Der BGH hat auf Antrag der Parteien und nach Anhörung das Verfahren gemäß § 148 ZPO ausgesetzt. Die Aussetzung erfolgt bis zur Entscheidung des Gerichtshofs der Europäischen Union über die Vorlage des Senats in dem Verfahren II ZR 193/22. Das Gericht folgt damit der Praxis, nationale Verfahren zur Klärung unionsrechtlicher Fragen zu suspendieren.

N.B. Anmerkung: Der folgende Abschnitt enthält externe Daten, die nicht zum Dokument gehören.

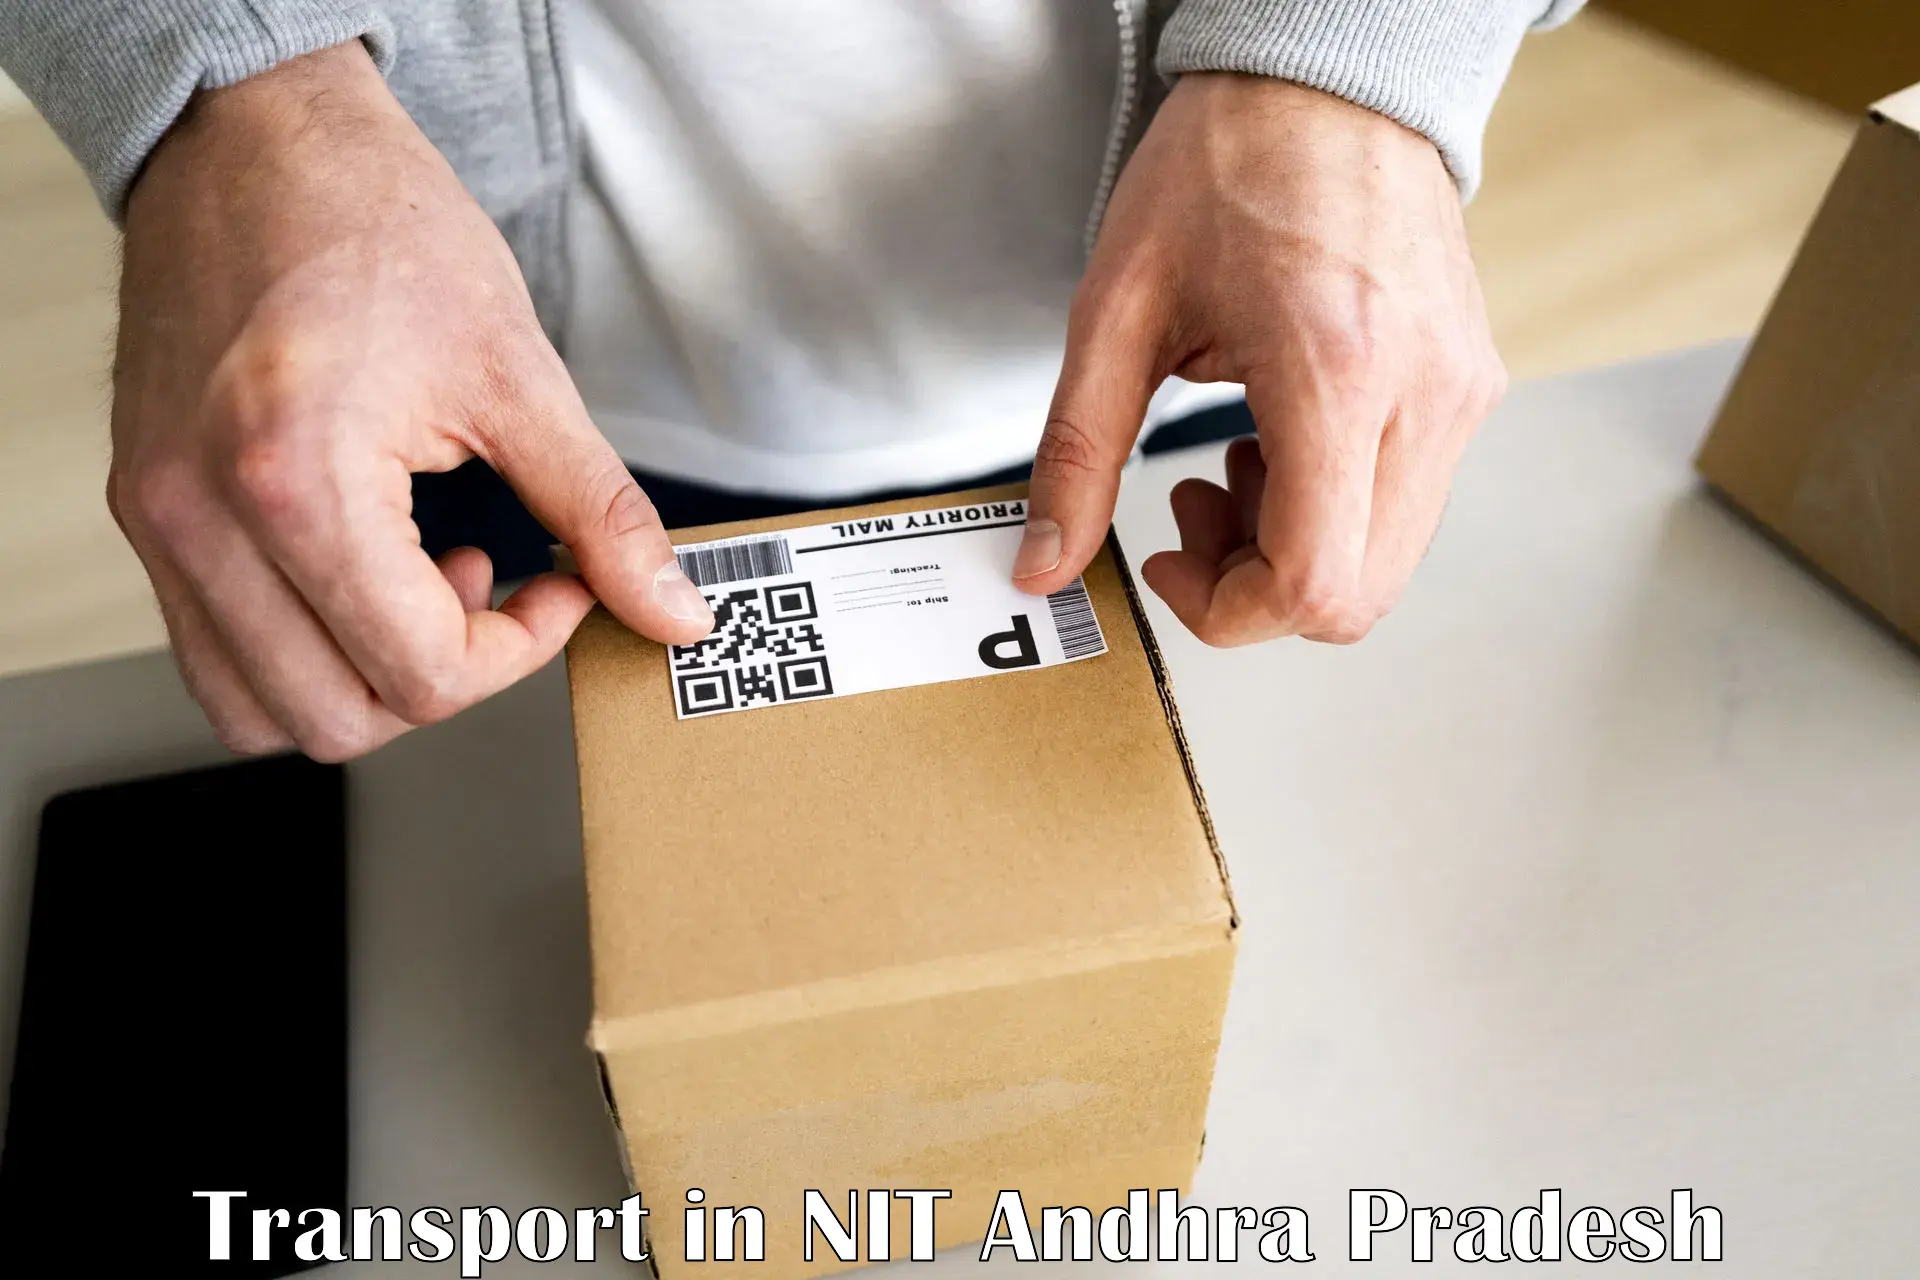 Parcel transport services in NIT Andhra Pradesh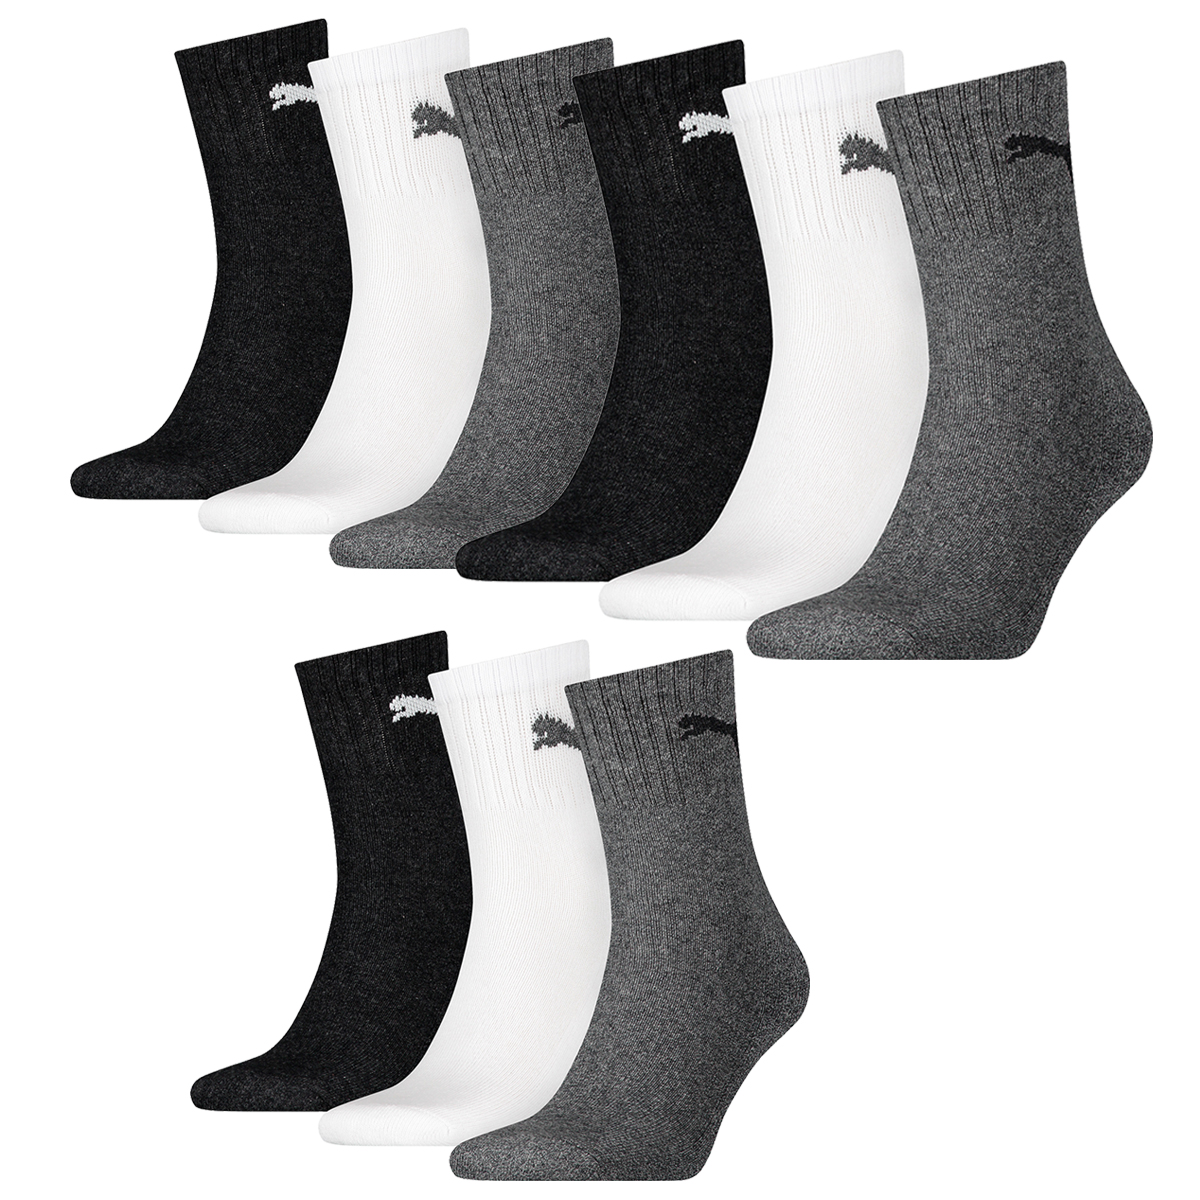 Puma Unisex Short Crew Socken Basic Sportsocken 6er Pack, Größe:35-38, Farbe:Grey/White/Black (882)

Ausgang: Verfahren auf Antrag der Parteien nach § 148 ZPO bis zur Entscheidung des EuGH über die Vorlagefrage ausgesetzt

Abstrakte Rechtssätze

1

Nach § 148 ZPO kann das Gericht das Verfahren auf Antrag und nach Anhörung der Parteien bis zur Entscheidung des Gerichtshofs der Europäischen Union aussetzen.

2

Die Aussetzung des Verfahrens ist geboten, wenn die Entscheidung der Vorlagefrage für die Entscheidung des nationalen Rechtsstreits von wesentlicher Bedeutung ist.

3

Ein Parteiantrag auf Aussetzung ist zu berücksichtigen, sofern die materiellen Voraussetzungen des § 148 ZPO vorliegen und das Gericht die Parteien zuvor anhört.

4

Bei anhängigem Vorlageverfahren an den Gerichtshof der Europäischen Union darf das nationale Gericht das Verfahren bis zur Vorabentscheidung aussetzen, soweit die Auslegung des Unionsrechts für die Entscheidung erforderlich ist.

Relevante Normen
§ 148 ZPO

Vorinstanzen

vorgehend OLG Karlsruhe, 14. November 2022, Az: 1 U 60/21

vorgehend LG Mannheim, 1. März 2021, Az: 24 O 92/19

Tenor

Das Verfahren wird nach Anhörung und auf Antrag der Parteien entsprechend § 148 ZPO ausgesetzt bis zu einer Entscheidung des Gerichtshofs der Europäischen Union über die Vorlage des Senats mit Beschluss vom 22. Oktober 2024 in dem Verfahren II ZR 193/22 (vgl. BGH, Beschluss vom 10. Mai 2022 - VIII ZR 149/21, juris Rn. 5, 14; Beschluss vom 28. März 2023 - VI ZR 225/21, ZIP 2023, 866 Rn. 8, 13).